The Hutchins family were natives from the southern states who settled near Pigeon Lake, south of Dassel.

These pioneers later made their way west to Washington, according to Servin.

Though later Dassel was made up of mainly Swedish descent, the surrounding townships were also settled by New England natives (Kingston), Germans (Ellsworth), Irish (Darwin), and southerners (Collinwood) after the Civil War. The Finnish also settled north of Kingston around 1900.

A map on the history center’s fourth floor exhibits these various settlements.

Family histories are done upon request with fees, depending on time and extent of research.
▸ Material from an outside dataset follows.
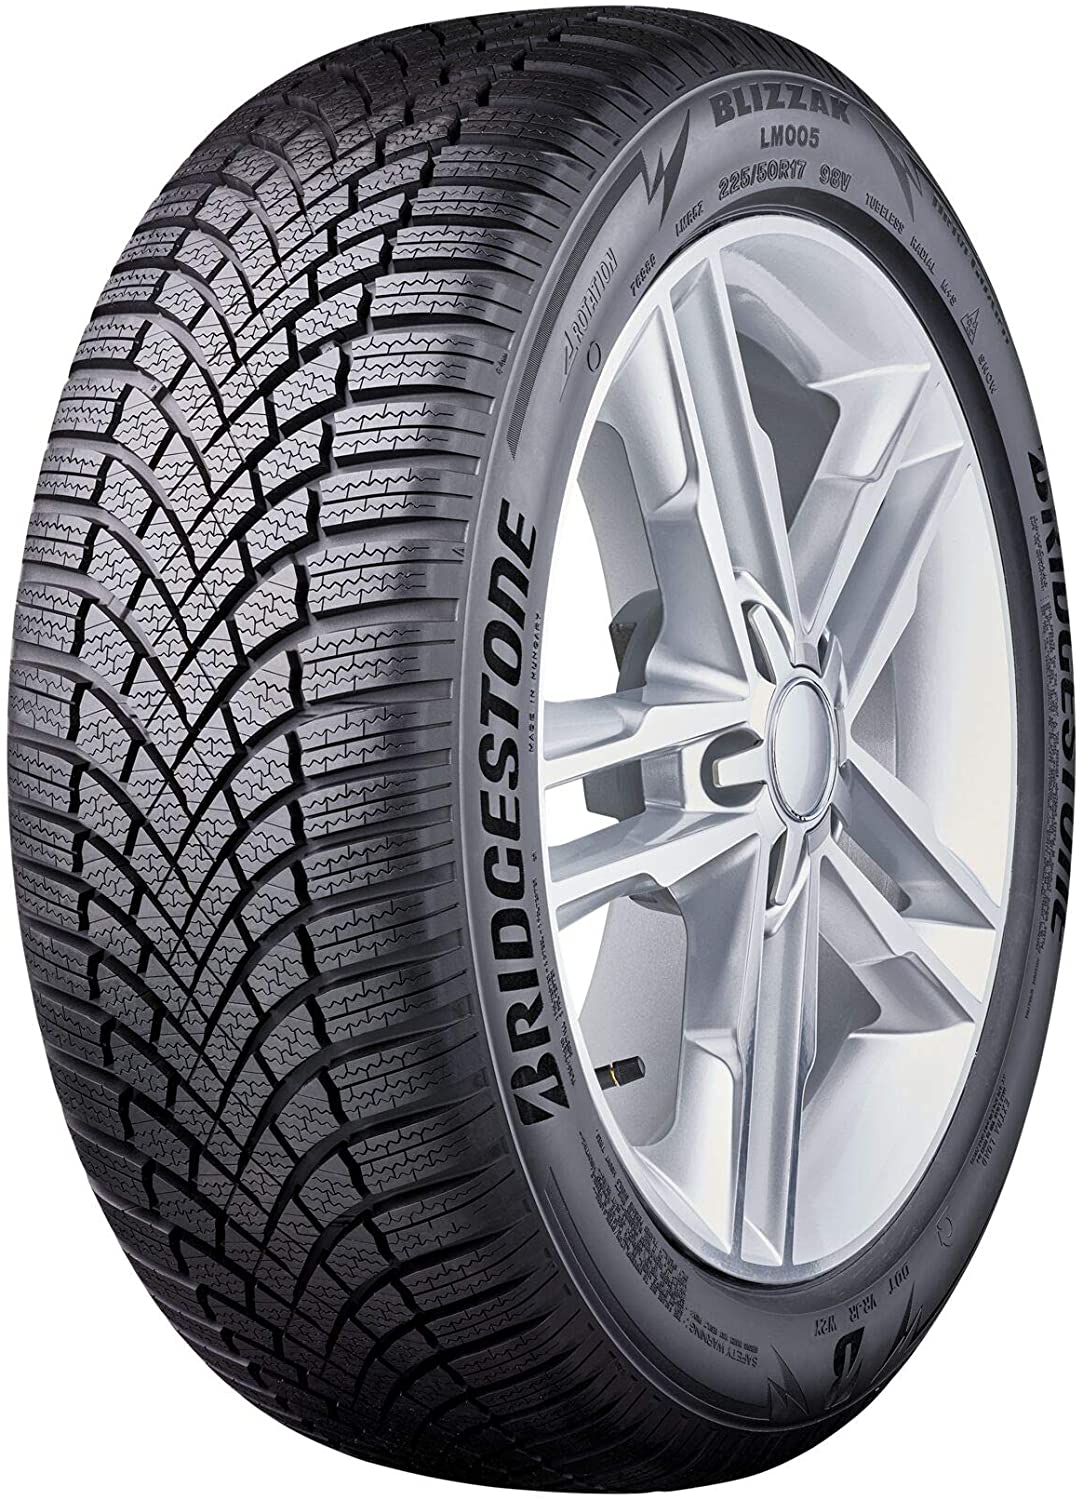 Tyre Reviews - and Tests LM005 Blizzak Bridgestone

People are also welcome to come in and use the archives from their own research and the historical society will assist if necessary.

For more information, call the Dassel History Center at (320) 275-3077.

Headlines in past newspapers

These are some examples of the headlines Servin has found from past newspapers during her research (names are fictitious):

• “Einar Einerson was adjudged insane and taken last Friday to Fergus Falls”

• “Mrs. Hjalmerson dies at the advanced age of 55”

• “Swan Lake pioneer goes to the great beyond”

• “Lake Albert resident tarred and feathered for committing adultery with neighbor’s wife.”